Proposed property tax overhaul could lessen burden for low-income homeowners in NYC
Photo of Park Slope brownstones by Josh Wilburne on Unsplash
Owners of multi-million dollar co-ops and condos in New York City would have to pay property tax at full market value under a recently released proposal to overhaul the current system. The city’s Advisory Commission on Property Tax Reform on Thursday unveiled its long-awaited report detailing reforms of the complex system that would tax properties of similar values at equitable rates. Currently, homebuyers pay property tax based on assessed value, rather than the market rate, which puts a bigger tax burden on low- and middle-income homeowners.

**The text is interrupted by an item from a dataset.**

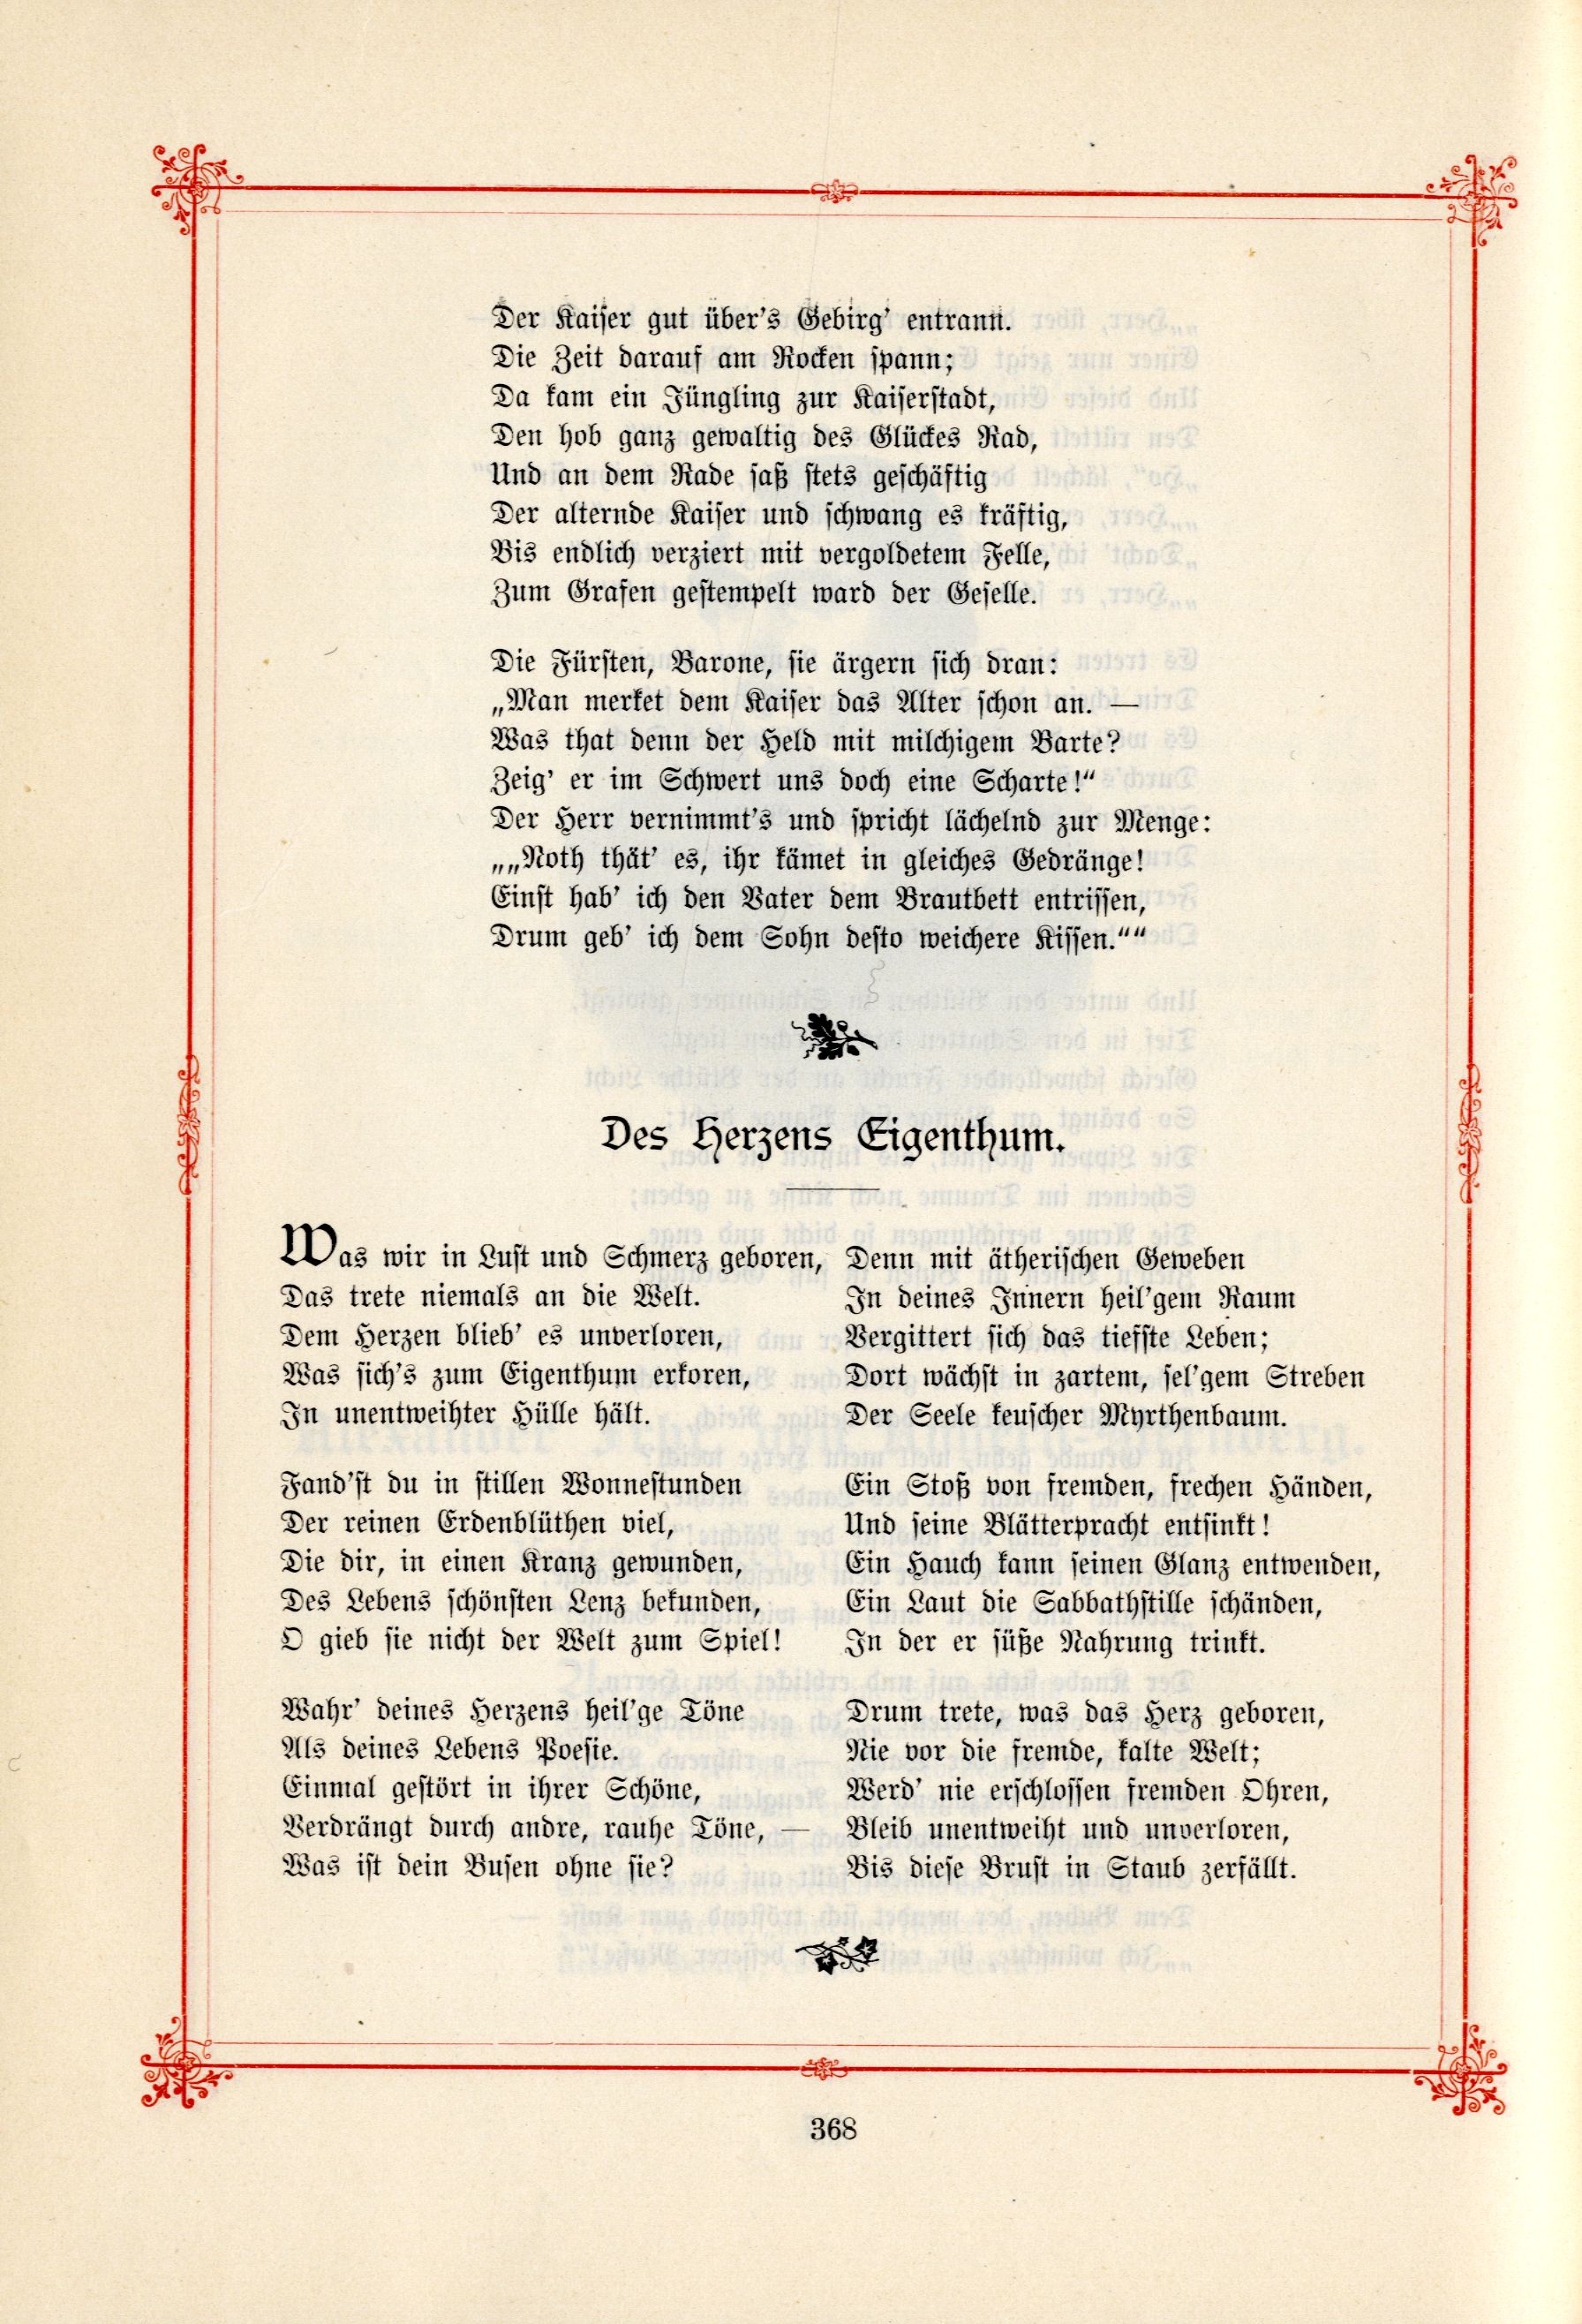 Des Herzens Eigenthum (1895) | 1. (368) Haupttext

City officials have long tried to improve the outdated system, but the complexity of the issue and pushback from opponents stalled any changes. During Mayor Bill de Blasio’s first year in office, he announced plans to seek changes to the system after a lawsuit was filed in 2014 challenging its fairness. But it wasn’t until 2018 that the mayor, along with City Council Speaker Corey Johnson created the advisory commission to study the tax system and find ways to make it more fair and transparent, without displacing residents. The report was originally due last July.

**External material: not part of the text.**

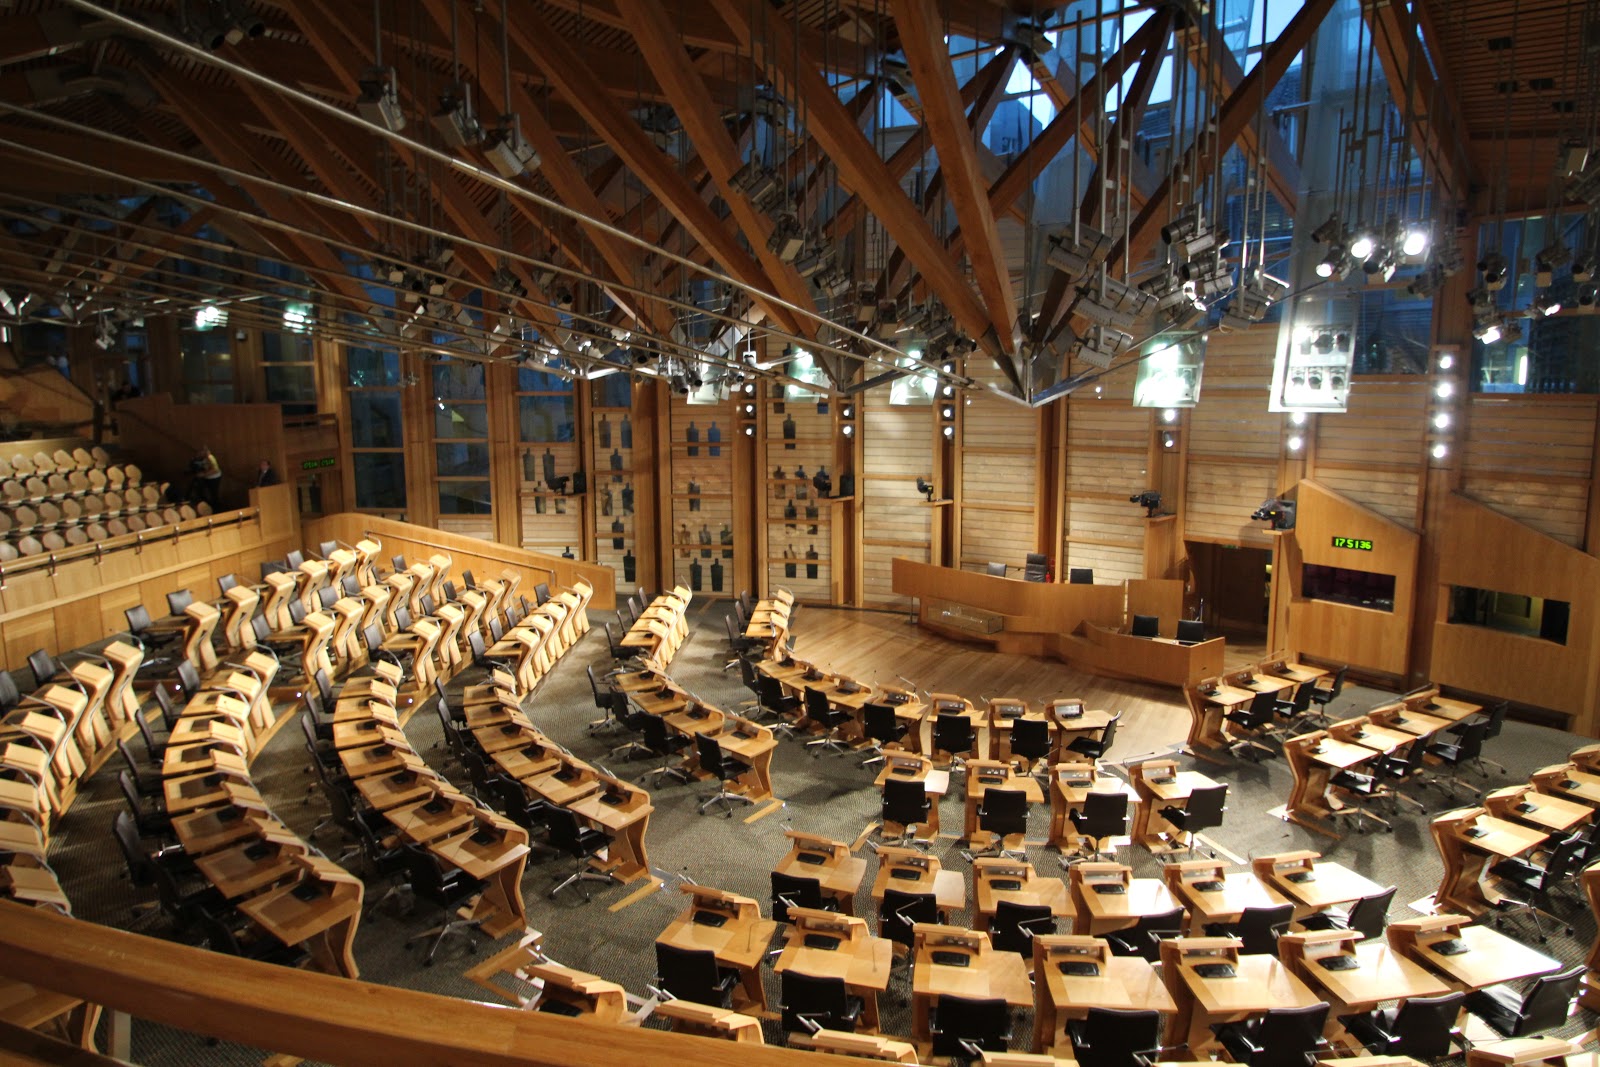 Single parliamentary chamber

“The property’s tax remains the City’s most important single revenue source, representing almost half of all the City’s annual tax revenues,” Marc Shaw, the commission’s chairman, said in a press release. “The work undertaken by the Commission, first and foremost, reflects our collective desire to protect the City’s fisc, while at the same time making the system more fair, predictable, and transparent.”
The report’s 10 preliminary recommendations include assessing co-ops and condo units, which are typically more expensive, at full market value. This change would redistribute the amount of taxes paid by homeowners, but not lower the total revenue brought into the city. Currently, as the New York Times explains, the owner of an $8 million five-bedroom brownstone in Park Slope pays an annual tax bill of $20,165. A ranch-style home in the Bronx neighborhood of Fieldston worth about $2 million pays roughly the same amount.

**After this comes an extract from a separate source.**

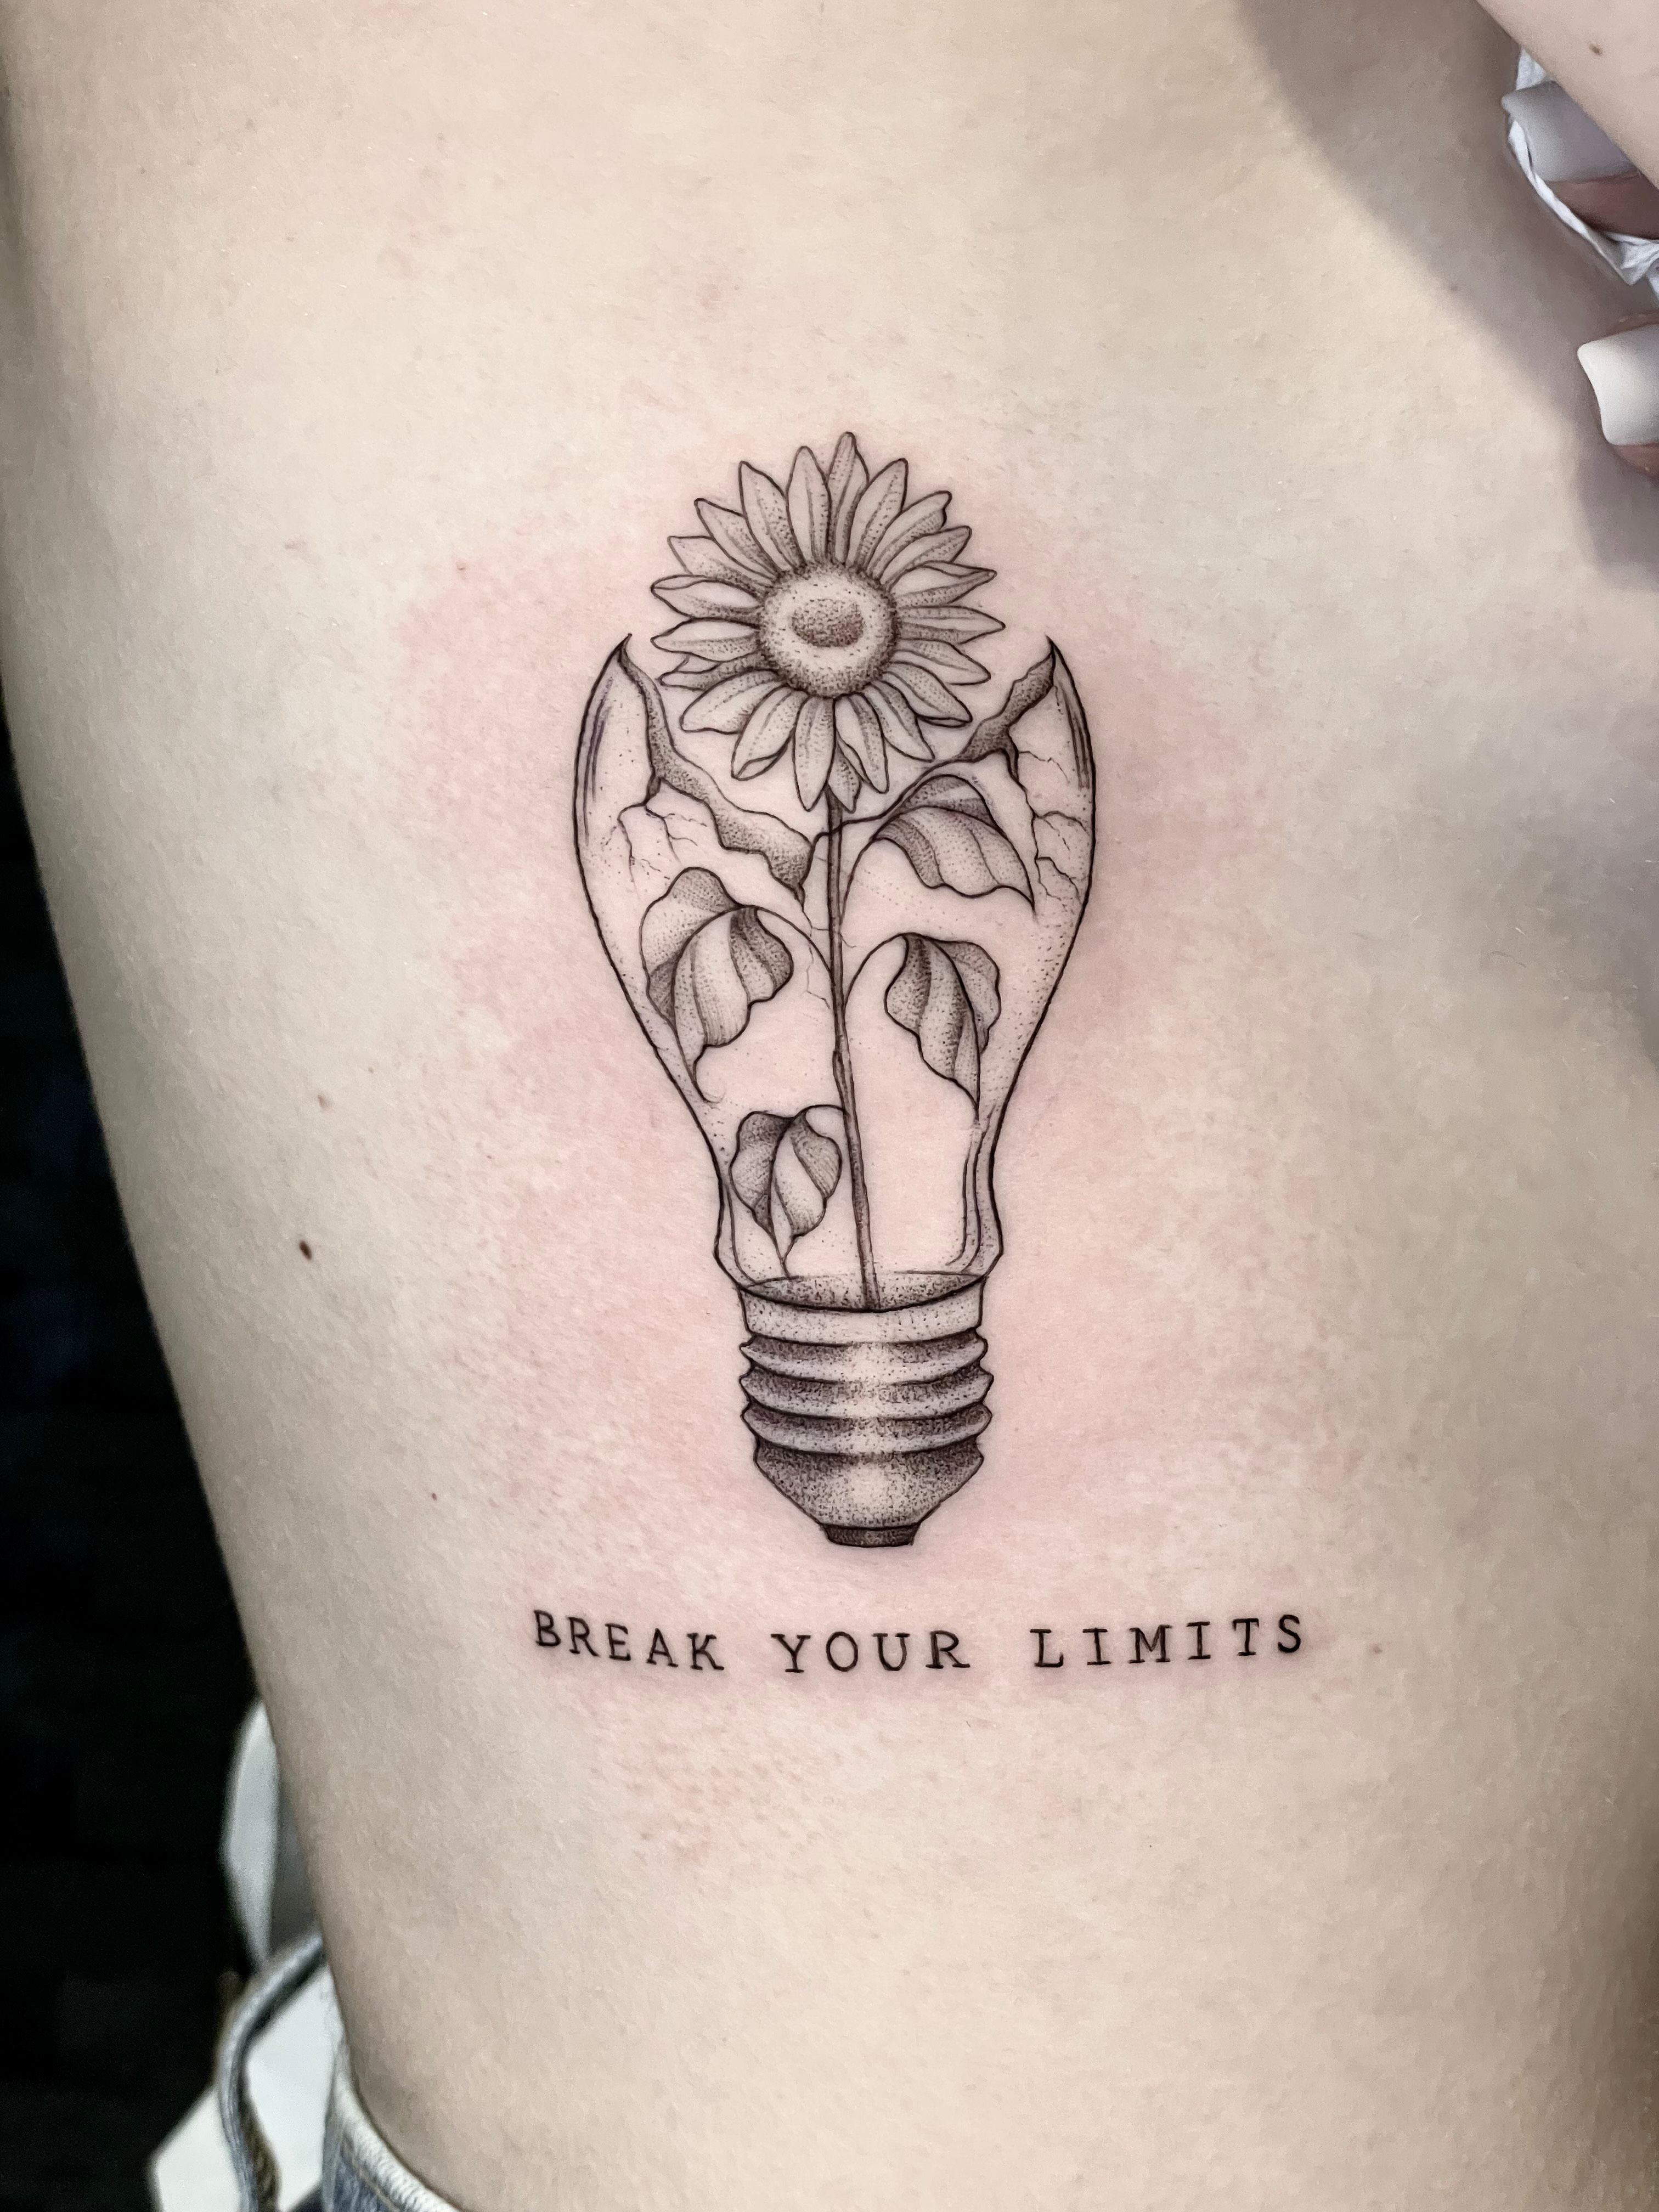 Glowing Tattoo by NickDAngeloTattoos on DeviantArt

Under the proposed changes, even the mayor would see an increase in his property tax bill for the two Park Slope homes he owns. He paid just under $8,000 in property taxes last year on the two properties valued at more than $3 million. “I’m comfortable with fair is fair,” de Blasio said in an interview Friday with WNYC’s Brian Lehrer. “If it means I pay more in property tax, that’s ok.”
The annual market value changes would be phased in over five years at 20 percent per year, with the assessed value growth caps eliminated, under the commission’s recommendations. To protect low-income homeowners, the commission is backing a partial homestead exemption that would shield these homeowners from increased taxes from the removal of the assessed value cap. And the commission is also calling for a “circuit breaker” that would limit property tax bills for qualifying owners to a percentage of household income.
The commission will announce additional public hearings in each borough before issuing its final report later this year. Any reforms require the approval from the Council, mayor, the state legislature, and the governor.